Glucose was determined using the GOD-PAP method. Circulating glucose was classified according to the International Diabetes Federation with 5.5 mmol/l accepted as the upper level [31]. Triacylglycerols (TG), total cholesterol (TC), and HDL-cholesterol (HDL-C) were assayed colorimetrically. All variables were determined using commercial kits (Randox Laboratories, Great Britain). Coefficients of variation for these analyses did not exceed 5%. The plasma level of LDL-cholesterol (LDL-C) was calculated according to the Friedewald equation [32]. Non-HDL-cholesterol (non-HDL-C) was calculated by subtraction of HDL-C from TC [33]. Concentrations of plasma lipoproteins were classified according to recommendations of the European Atherosclerosis Society and European Guidelines on Cardiovascular Disease Prevention in Clinical Practice (TG <1.7 mmol/l, TC < 4.5 mmol/l, HLD-C >1.0 mmol/l, LDL-C < 2.5 mmol/l, non-HDL < 2.5 mmol/l [34,35]. Plasma insulin was assayed using a standard radioimmunoassay with monoclonal antibodies against insulin and commercial kits (BioSource, Belgium). The sensitivity of the method was 1 μIU/ml, intra and inter-assay coefficients of variation were 6.8% and 9.3%, respectively. All analyses were run in duplicate.

Statistical analyses

Data are presented as mean ± SD. All variables were checked for normality using the Shapiro-Wilk test. The Pearson correlation coefficients were calculated for logarithmically (e-based) transformed data. Moreover, biochemical variables were interpreted with respect to lower and upper quartile of BMI and ABSI and the Mann–Whitney test was used for data comparison. A p value ≤ 0.05 was considered to be statistically significant. All calculations were carried out using the Statistica v.7 (Statsoft, Illinois, USA).

Results

Baseline characteristics of the participants are presented in Table 1. According to BMI standards 74.6% of participants were normal weight, 18.4% were overweight, and 7.0% were obese. Only 2.0% of our subjects were characterized by higher than recommended waist circumference. Circulating glucose and triacylglycerols were higher than normal in similar percentages of students (6.1%). Slightly more participants (8.8%) were characterized by lower than normal HDL-cholesterol. On the contrary, higher than normal TC, LDL-C and non-HDL-C were observed in 24.5%, 25.4% and 29.8% of participants, respectively.
Table 1

Anthropometric characteristics and biochemical variables in young healthy men (means ± SD)

Variable

n = 114

Age (years)

21.7 ± 1.4

Weight (kg)

77.2 ± 12.2

Height (cm)

180.3 ± 6.7

BMI

23.7 ± 3.3 (25.4)*

Waist (cm)

80.7 ± 8.9 (2.0)*

ABSI

0.073 ± 0.003

Glucose (mmol/l)

4.8 ± 0.5 (6.1)^

Insulin (μIU/ml)

10.5 ± 6.4

TG (mmol/l)

0.9 ± 0.4 (6.1)^

TC (mmol/l)

4.5 ± 0.8 (24.5)^

HDL-C (mmol/l)

1.4 ± 0.3 (8.8)^

LDL-C (mmol/l)

2.7 ± 0.7 (25.4)^

Non-HDL (mmol/l)

3.1 ± 0.8 (29.8)^

BMI – body mass index; ABSI- a body shape index; TG-triacylglycerols; TC-total cholesterol; HDL-C- HDL- cholesterol; LDL-C – LDL-cholesterol;* percent of participants with overweight and obesity; ^percent of participants with disturbed biochemical variables.

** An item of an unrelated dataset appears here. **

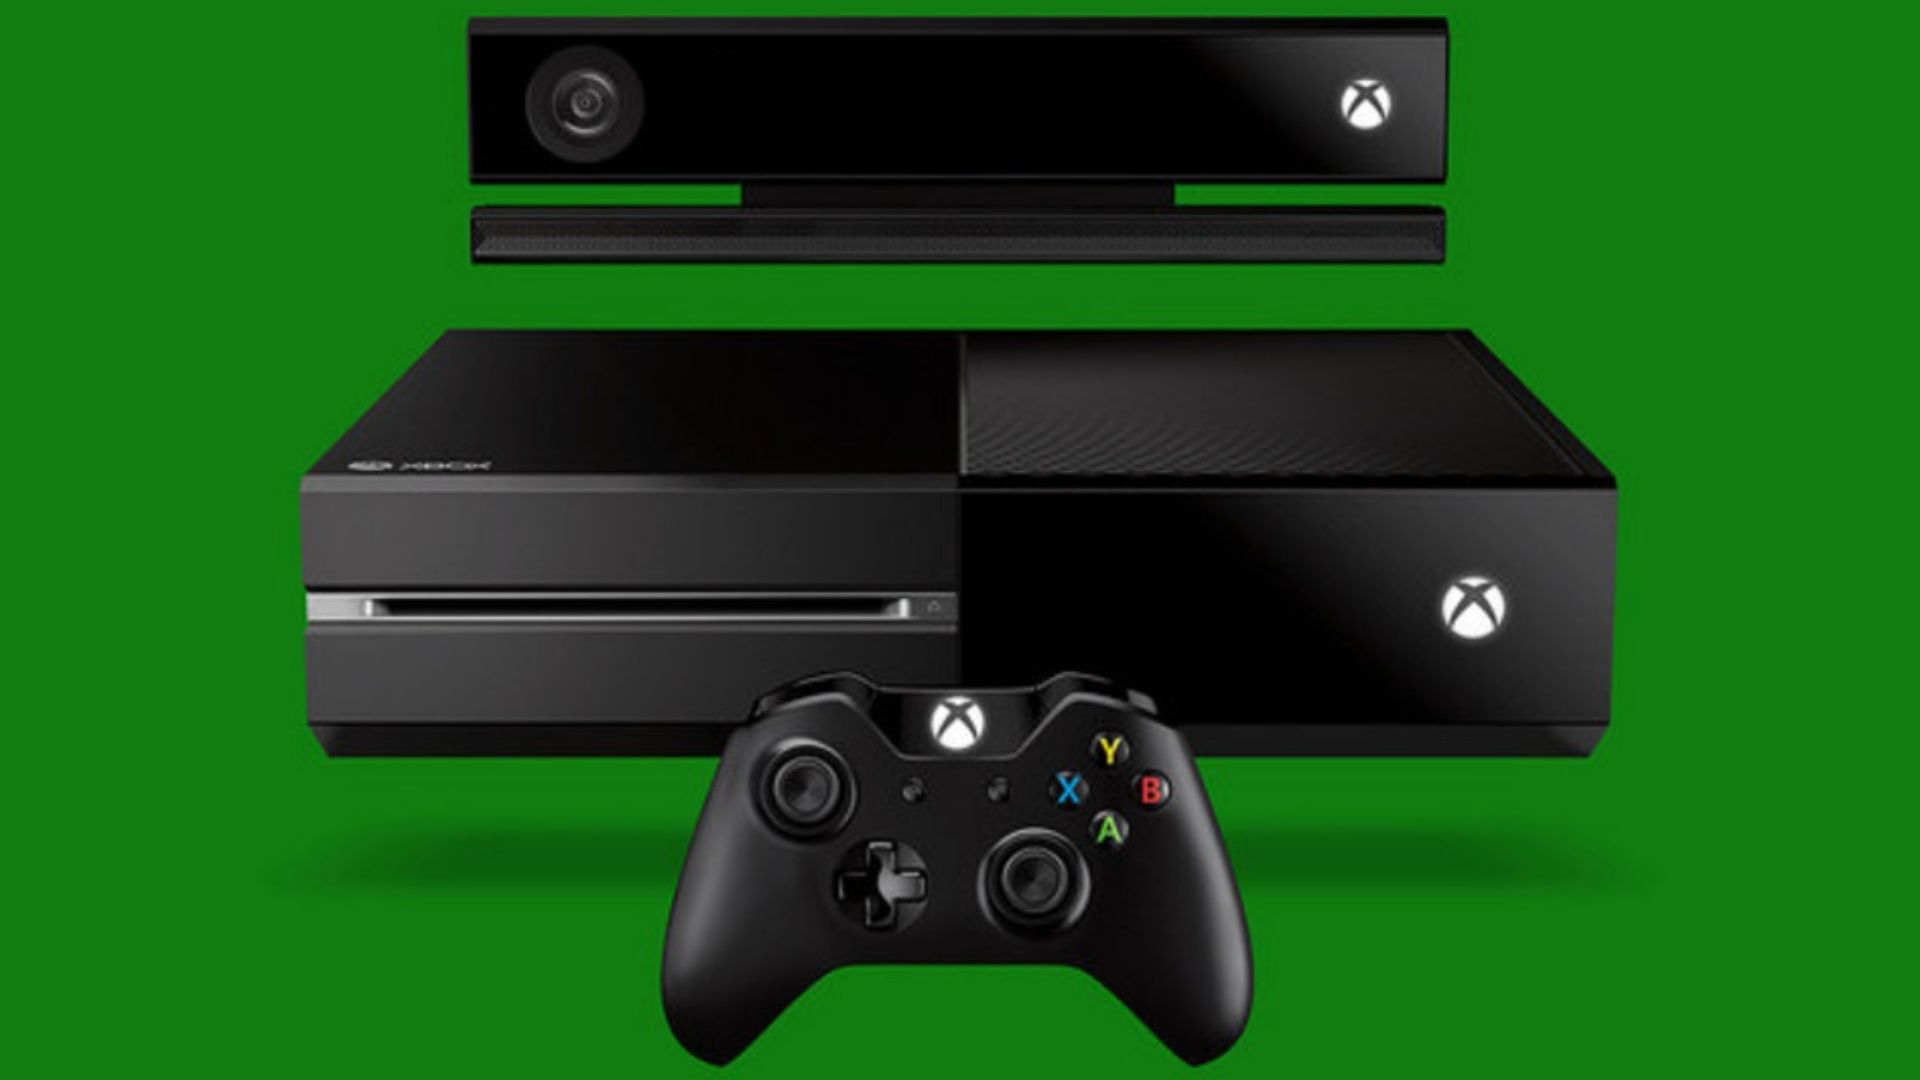 The Kinect bundled with the original Xbox One

BMI was slightly, but significantly correlated only with circulating TG (r = 0.330, p < 0.001). On the contrary, ABSI was slightly, but significantly correlated with plasma levels of insulin (r = 0.360, p < 0.001), TC (r = 0.270, p < 0.002), LDL-C and non-HDL-C (r = 0.300, p < 0.001) (data not shown).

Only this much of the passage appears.